Hodges, J. L. and Lehmann, E. L. (1962) Rank methods for combination of independent experiments in analysis of variance. Annals of Mathematical Statistics, 33, 482-4.

Case study

# Hollander-Wolfe-Chicken Example
x <- c(1.83, 0.50, 1.62, 2.48, 1.68, 1.88, 1.55, 3.06, 1.30)
y <- c(0.878, 0.647, 0.598, 2.050, 1.060, 1.290, 1.060, 3.140, 1.290)

# Reshaping data
value <- c(x, y)
treat<- c(rep("A", length(x)), rep("B", length(y)))
all <- data.frame(value)
all$treat <- treat

Hodges-Lehmann estimate (and confidence interval)

{base}

The base function provides the Hodges-Lehmann estimate and the Moses confidence interval. The function will provide warnings in case of ties in the data and will not provide the exact confidence interval.

wt <- wilcox.test(x, y, exact = TRUE, conf.int = TRUE)
Warning in wilcox.test.default(x, y, exact = TRUE, conf.int = TRUE): cannot
compute exact p-value with ties
Warning in wilcox.test.default(x, y, exact = TRUE, conf.int = TRUE): cannot
compute exact confidence intervals with ties
# Hodges-Lehmann estimator
wt$estimate
difference in location 
             0.5600562 
# Moses confidence interval
wt$conf.int
[1] -0.3699774  1.1829708
attr(,"conf.level")
[1] 0.95

Note: You can process the long format also for wilcox.test using the formula structure:

wilcox.test(all$value ~ all$treat, exact = TRUE, conf.int = TRUE)
Warning in wilcox.test.default(x = DATA[[1L]], y = DATA[[2L]], ...): cannot
compute exact p-value with ties
Warning in wilcox.test.default(x = DATA[[1L]], y = DATA[[2L]], ...): cannot
compute exact confidence intervals with ties

    Wilcoxon rank sum test with continuity correction

data:  all$value by all$treat
W = 58, p-value = 0.1329
alternative hypothesis: true location shift is not equal to 0
95 percent confidence interval:
 -0.3699774  1.1829708
sample estimates:
difference in location 
             0.5600562 

{pairwiseCI}

The pairwiseCI package requires data to be in a long format to use the formula structure. Via the control parameter the direction can be defined.
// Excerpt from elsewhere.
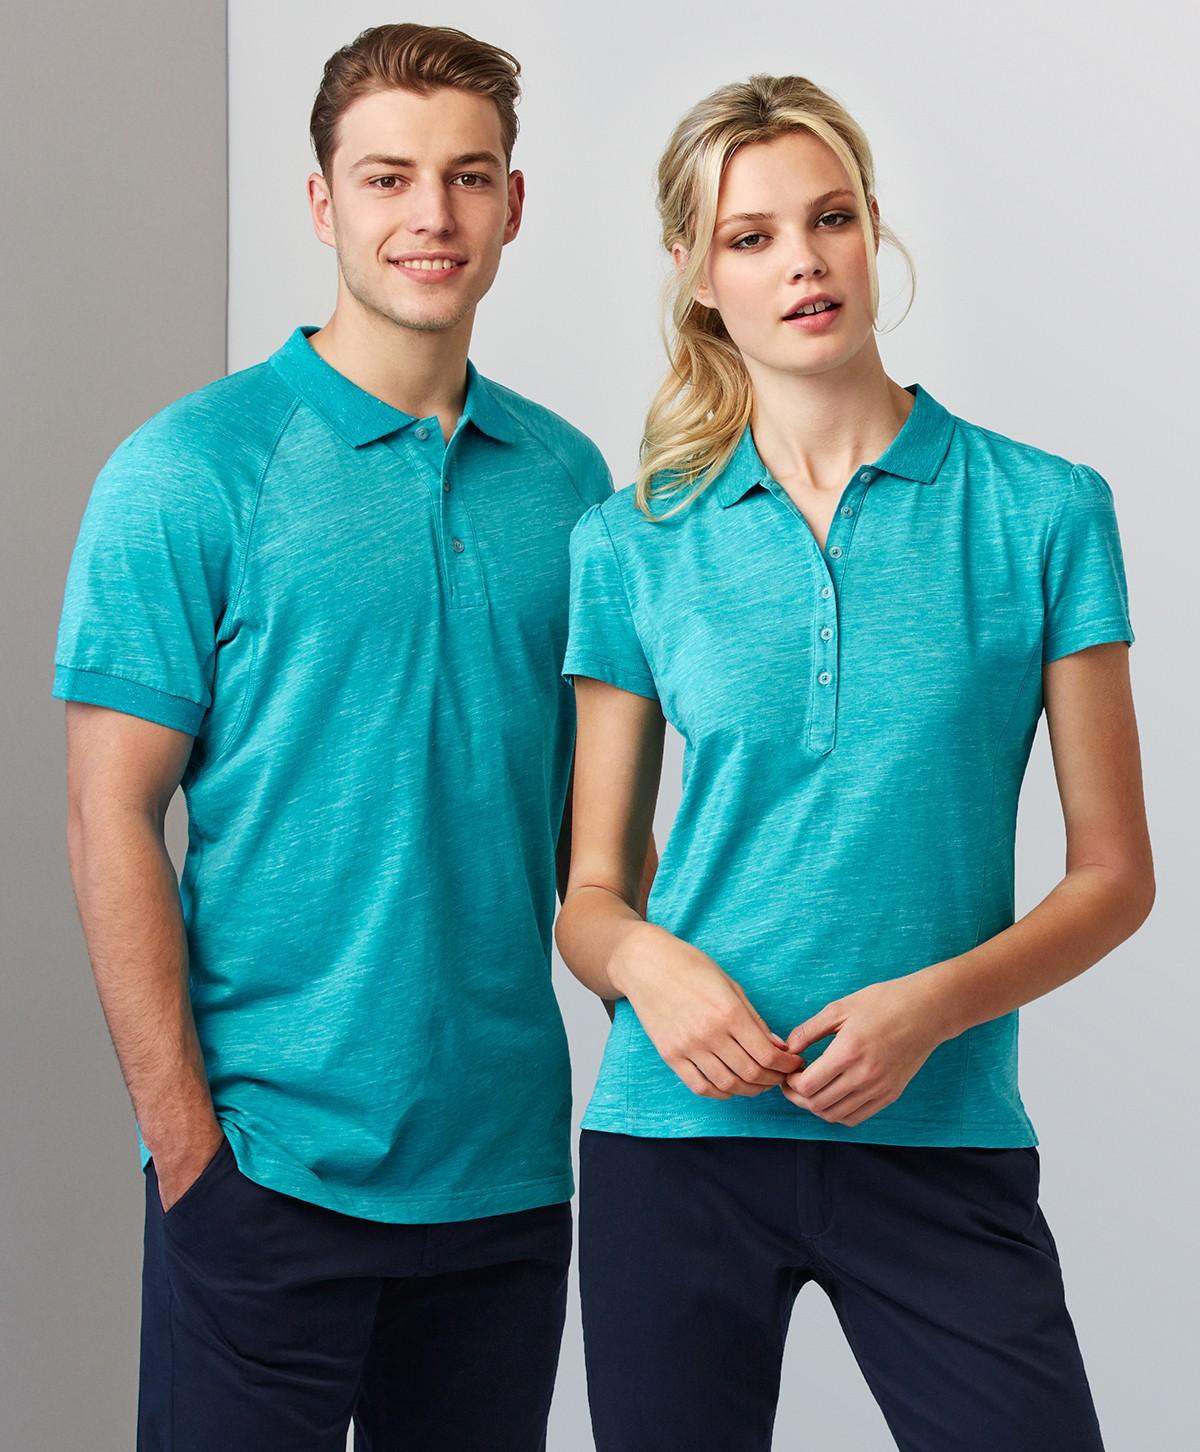 Ladies Coast 100% Cotton Polo Shirt - The Uniform Centre 3b47778d2

Setting method to “HL.diff” provides exact confidence intervals together with the Hodges-Lehmann point estimate.

# pairwiseCI is using the formula structure 
pairwiseCI(value ~ treat, data = all, 
           method="HL.diff", control="B",
           conf.level = .95)
  
95 %-confidence intervals 
 Method:  Difference in location (Hodges-Lehmann estimator) 
  
  
      estimate lower upper
A - B     0.56 -0.22 1.082